Predicting the outcome of the Nenana Ice Classic
This is my capstone project for the Flatiron School Data Science Bootcamp.
For my project, I chose to predict the winning day of the Nenana Ice Classic in Alaska. I chose this project for several reasons:
- I'm from Alaska, and the Nenana Ice Classic is a uniquely Alaskan thing.
- It seemed like a challenging project.
- Doing this project would involve several methods and types of data I hadn't worked with before.
In the course of this project, I learned more about modeling time-series data and working with weather data.
My goal was to predict the winning day of the Nenana Ice Classic.
I used accuracy as my evaluation metric.
The naive approach (which would be to predict "the ice will not break today" every day) is 98.27% accurate.
My model is successful if it can predict the winning day with accuracy greater than 98.27%.
I collected data from two primary sources:
- weather data Powered By DarkSky's API.
- ice measurements and historical winning times were taken from the Nenana Ice Classic official website.
I chose to start with the year 1989, because that is the earliest year that ice measurements from the contest are available. I gathered data for the months of January through May, because the winning day is generally between April 20 and May 20.
Once I cleaned and merged the data (using the notebook ice_classic_data.ipynb), I ended up discarding all information for the years 1993 and 1995. Those years were missing weather information for many days, including the winning days.
I discarded all information for the days after the winning day in each year.
Initially, I engineered several features that I thought would be useful: the number of daylight hours per day, binary indicators for precipitation type (rain or snow), and a running total of snow accumulation in a year. Later, I added time-series features in the form of moving averages for 3-, 5-, 7-, and 10-day windows for most features in the dataset.
I performed experiments with several models: Logistic Regression, Random Forests, Histogram Gradient Boosted Trees, Support Vector Machines, and a couple of stacked models combining Logistic Regression, Random Forests, and Support Vector Machines.
I started with logistic regression (ice_classic_logreg.ipynb). I then tried SVM (ice_classic_svm.ipynb). Next were random forests and histogram gradient boosted trees (ice_classic_trees.ipynb). Finally, I tried several stacked models (ice_classic_stacking.ipynb).
In the end, the most performant model was one where I fed the results of a Random Forest classifier to a Logistic Regression classification model.
My best model's accuracy was 95.71%. This is below the success target of 98.27%, but I'm not completely dissatisfied with my results.
The model successfully predicted 4 of the 5 winning days in the testing set of data.
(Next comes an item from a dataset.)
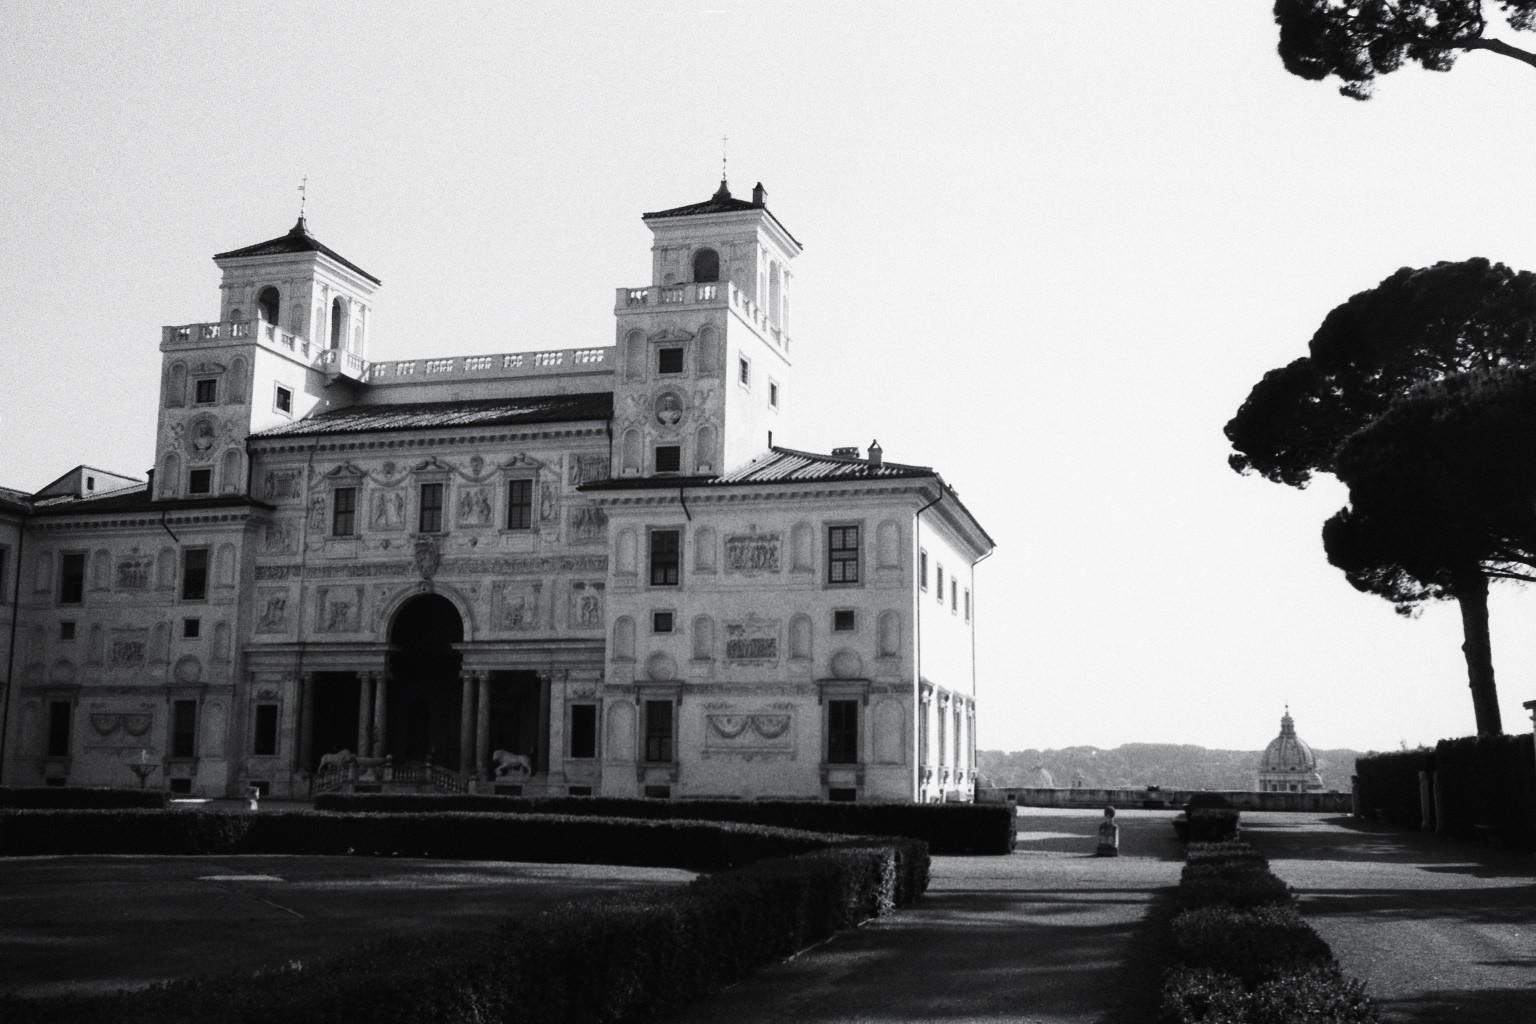 La villa de Medicis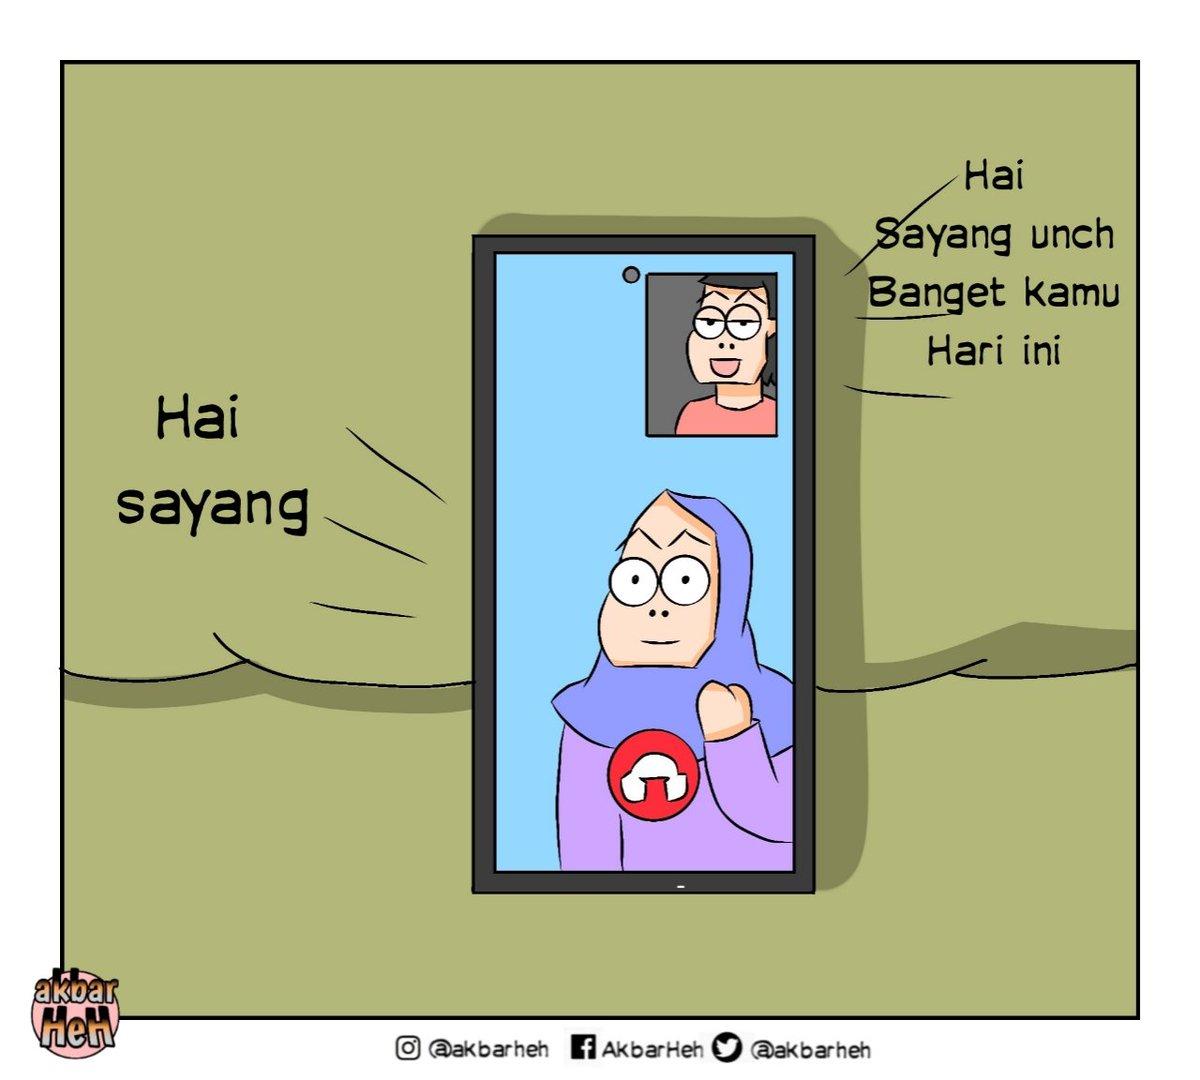 Potret pakboy .  Jangan lupa follow @akbarheh . . . #komikinaja #komikindo #komikindonesia #idntoon #komiklucu #komikharian #komikngakak #ngakakkocak #komikviral  #viral #indonesia #komikharian_ #komiksederhana #komikhot #siang  #komikzero #komikpolisipic.twitter.com/JS7hkZDQHC

The winning day in 2019 was the earliest in the contest's history, and I suspect that's why my model was unable to predict it successfully.
The model's predictions included 9 false positives (incorrectly predicted winning days) and 1 false negative (2019, which I discussed above).
The root folder of this repository contains the final model notebook (ice_classic_modeling.ipynb) and a PDF copy of the accompanying presentation I created for this project, "Headed For A Breakup."
The presentation can also be seen on the Web at this link: https://www.canva.com/design/DAD1ayplZIg/zsh-FXgjj-vxKsmNy_nS_g/view?utm_content=DAD1ayplZIg&utm_campaign=designshare&utm_medium=link&utm_source=sharebutton.
There are 2 subfolders in this repository, "data" and "notebooks."
- "Raw" data (raw_weather_1989-2020.csv, raw_ice_thickness_1989-2019.csv, weather_data_1989-2020.json, ice_classic_winning_times.csv)
- The "cleaned" dataset: raw data combined into a single file before moving average features were added (cleaned_data.csv)
- The full dataset with moving average features added (features_added.csv)
- The final testing and training datasets (model_training_data.csv, model_testing_data.csv)
- Three notebooks for collecting data from the internet (ice_classic_gather_darksky.ipynb, ice_classic_gather_ice_data.ipynb, ice_classic_gather_river_flow.ipynb)
- A notebook for data exploration and cleaning (ice_classic_data.ipynb)
- Four notebooks for modeling experimentation (ice_classic_logreg.ipynb, ice_classic_trees.ipynb, ice_classic_svm.ipynb, ice_classic_stacking.ipynb)
I have several ideas in mind for future steps:
- Additional parameter tuning of my final model
- Gathering additional data:
- Expand the window of weather data back to January 1
- Gather river flow data from USGS
- Apply other models to the data:
- Clustering, then using those results in another model, may provide insights
- I attempted to use survival analysis to model this problem but it was very unstable. I'd like to revisit this technique.
- Once I can accurately predict the winning day, I will try to narrow the prediction window down. For instance, which half of the day the ice will break, or further, which hour the ice will break.